Importing geometry for machining in CNC Programming - Time & Space Complexity
When importing geometry for machining, it's important to know how the time needed grows as the geometry gets bigger.
We want to understand how the program's work changes when the shape has more points or lines.
Analyze the time complexity of the following code snippet.
IMPORT GEOMETRY "part.dxf"
FOR EACH ENTITY IN GEOMETRY
PROCESS ENTITY
END FOR
GENERATE TOOLPATH
END
This code imports a geometry file, processes each shape element one by one, then creates the toolpath for machining.
Look for repeated actions that take time.
- Primary operation: Loop over each geometry entity to process it.
- How many times: Once for every entity in the imported geometry.
As the number of geometry entities grows, the processing time grows too.
| Input Size (n) | Approx. Operations |
|---|---|
| 10 | 10 processing steps |
| 100 | 100 processing steps |
| 1000 | 1000 processing steps |
Pattern observation: The work grows directly with the number of entities; double the entities, double the work.
Time Complexity: O(n)
This means the time to import and process grows in a straight line with the number of geometry elements.

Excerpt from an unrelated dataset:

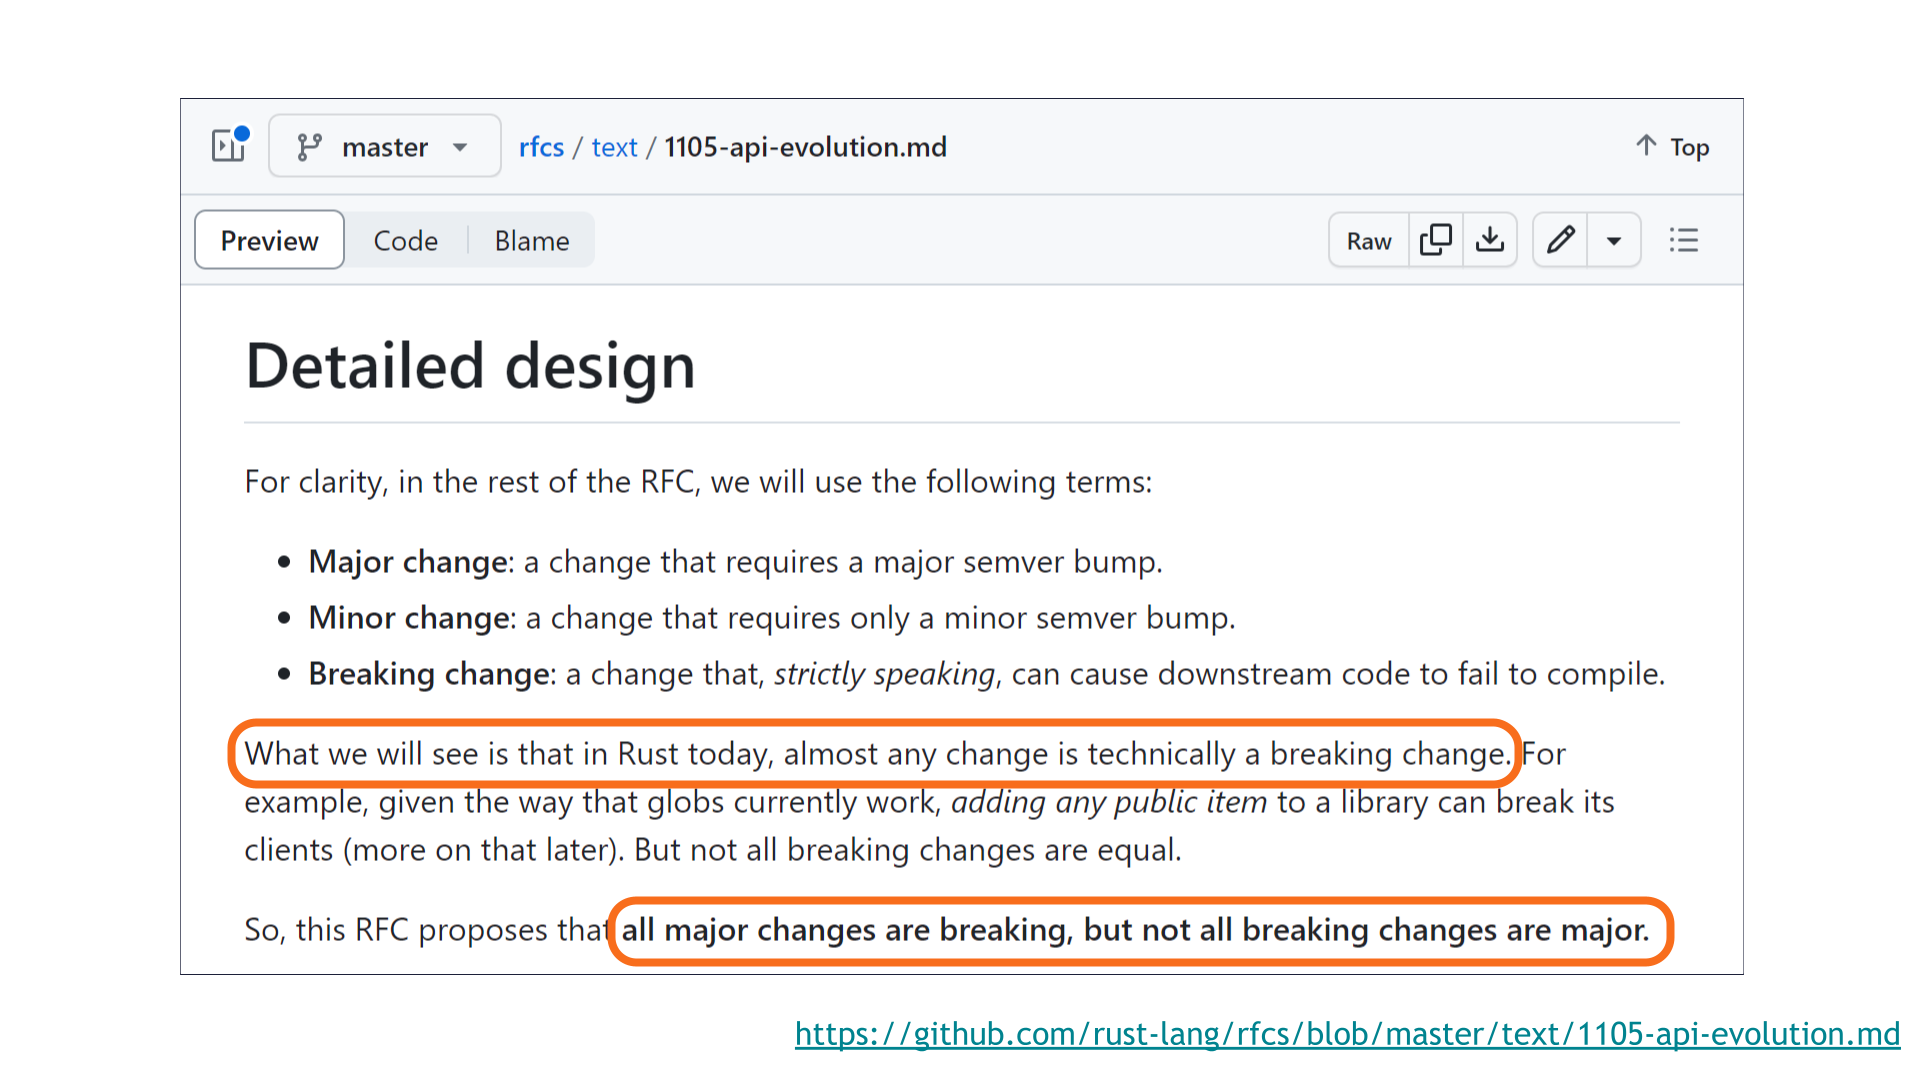 Screenshot from Rust's "API evolution" RFC 1105. It defines the terms "major change" and "minor change" as requiring a major and minor SemVer bump, respectively, and defines the term "breaking change" to mean a change that strictly speaking can cause downstream code to fail to compile. Of the remaining text, two portions are highlighted: "in Rust today, almost any change is technically a breaking change" and "all major changes are breaking, but not all breaking changes are major."

[X] Wrong: "Importing geometry always takes the same time no matter how big the file is."
[OK] Correct: The program must handle each shape element, so more elements mean more work and more time.
Understanding how processing time grows with input size helps you explain and improve machining programs clearly and confidently.
"What if the code processed only half of the geometry entities? How would the time complexity change?"